#### [YOUR ASSIGNMENT]
Retype the lines below exactly, but only those from the line that has "Visiting the Five" through the line that has "2017 Mazda CX-3 display". Omit every picture.

#### [SUPPLIED DATA]
┄┄┄┄┄┄┄┄┄┄┄┄┄┄┄┄┄┄┄┄
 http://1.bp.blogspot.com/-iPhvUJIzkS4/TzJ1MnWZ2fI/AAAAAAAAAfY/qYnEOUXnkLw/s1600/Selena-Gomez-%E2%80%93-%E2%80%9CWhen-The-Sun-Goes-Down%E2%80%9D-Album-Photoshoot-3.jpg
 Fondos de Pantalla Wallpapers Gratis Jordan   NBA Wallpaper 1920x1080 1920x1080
┄┄┄┄┄┄┄┄┄┄┄┄┄┄┄┄┄┄┄┄
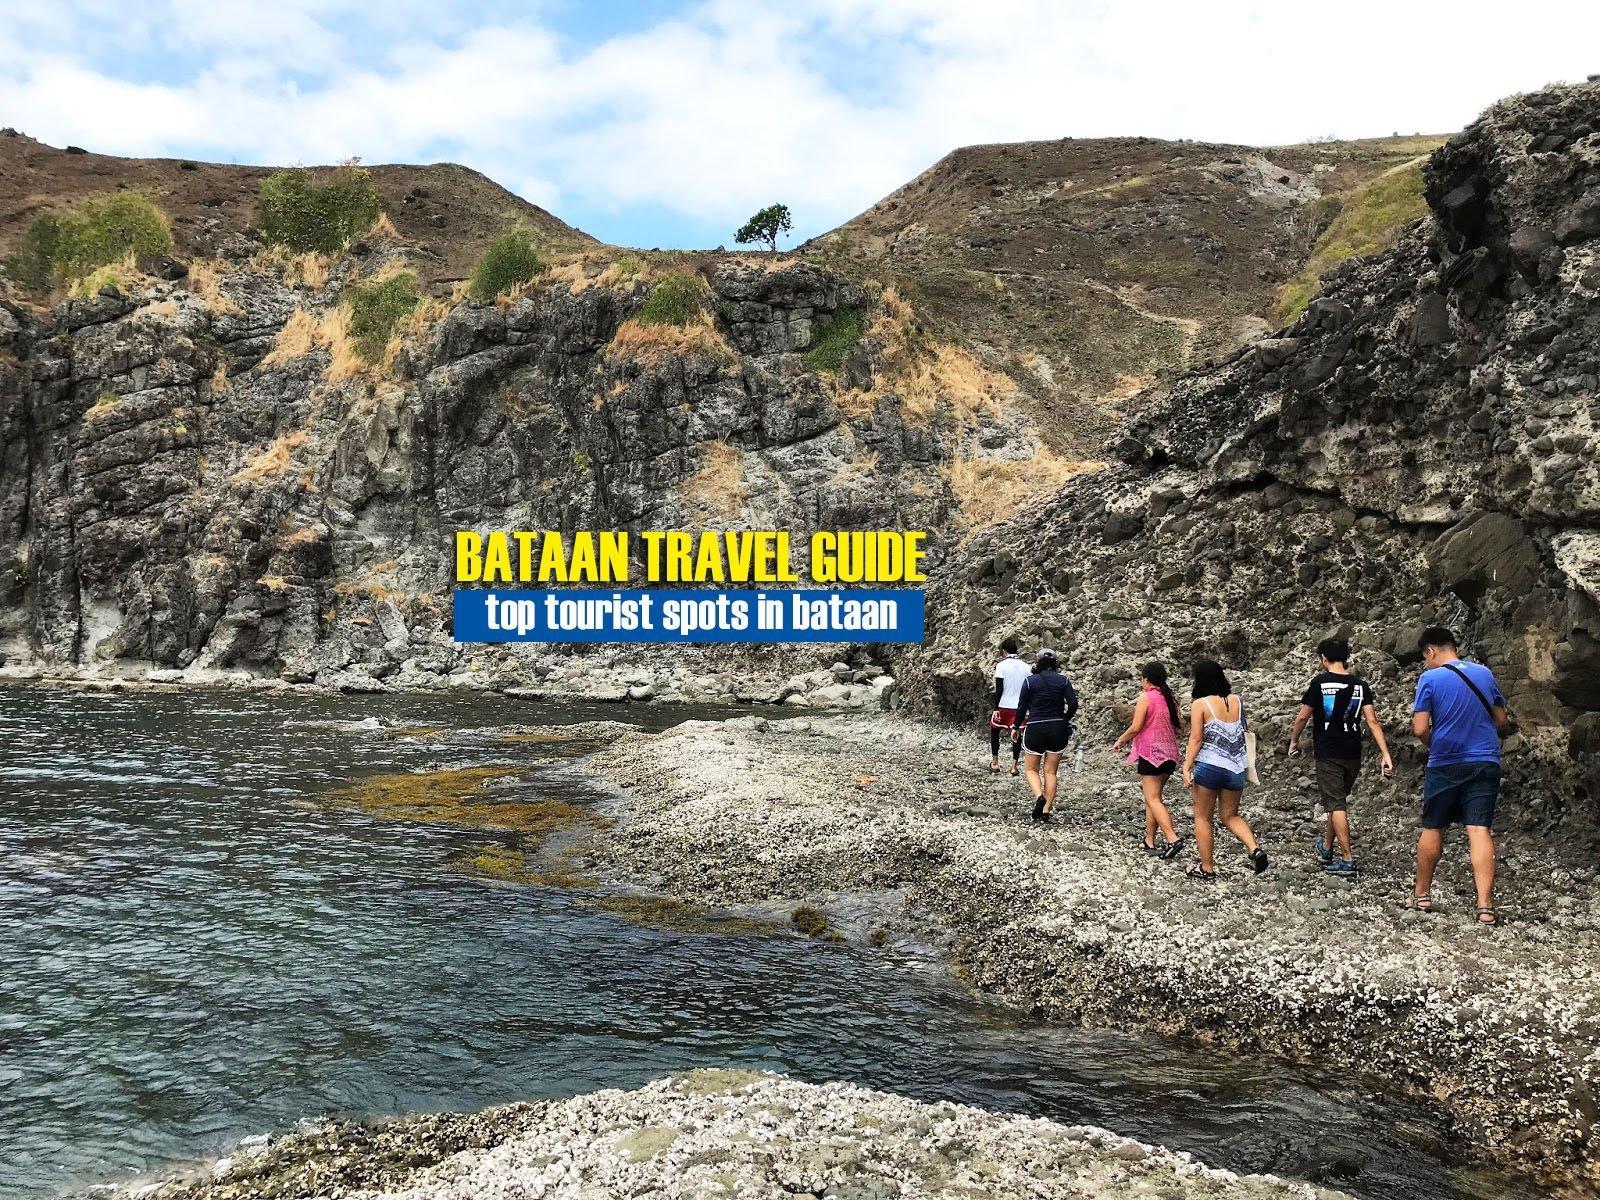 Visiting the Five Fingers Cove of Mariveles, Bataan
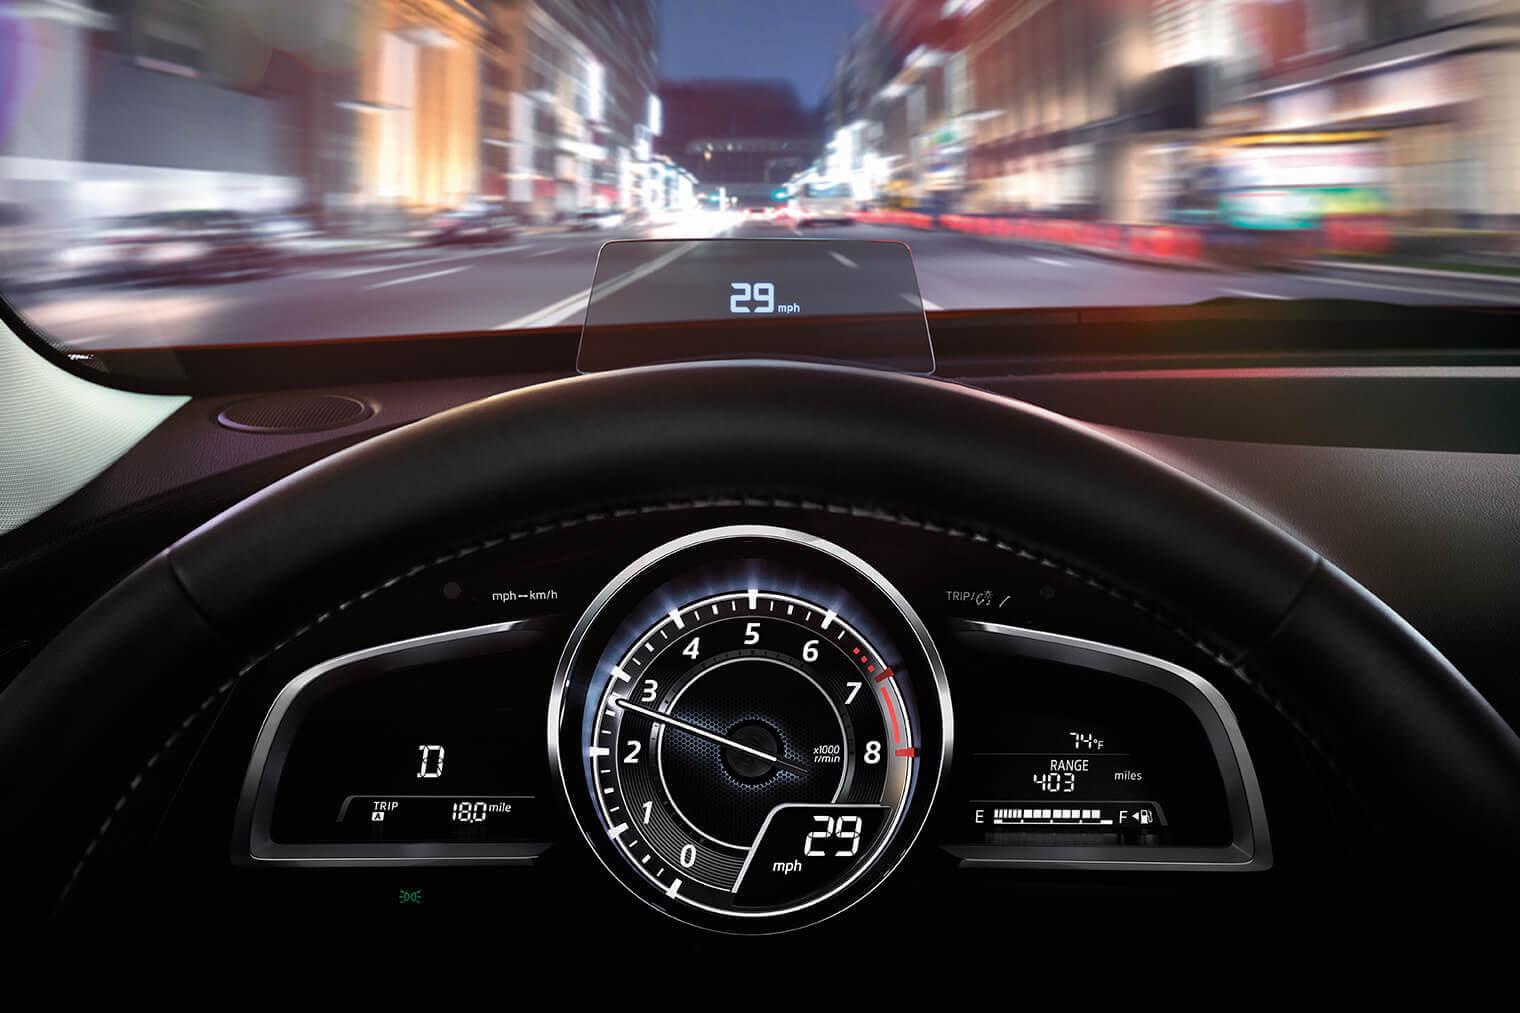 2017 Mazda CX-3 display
┄┄┄┄┄┄┄┄┄┄┄┄┄┄┄┄┄┄┄┄
#### [SOLUTION]
 Visiting the Five Fingers Cove of Mariveles, Bataan
 2017 Mazda CX-3 display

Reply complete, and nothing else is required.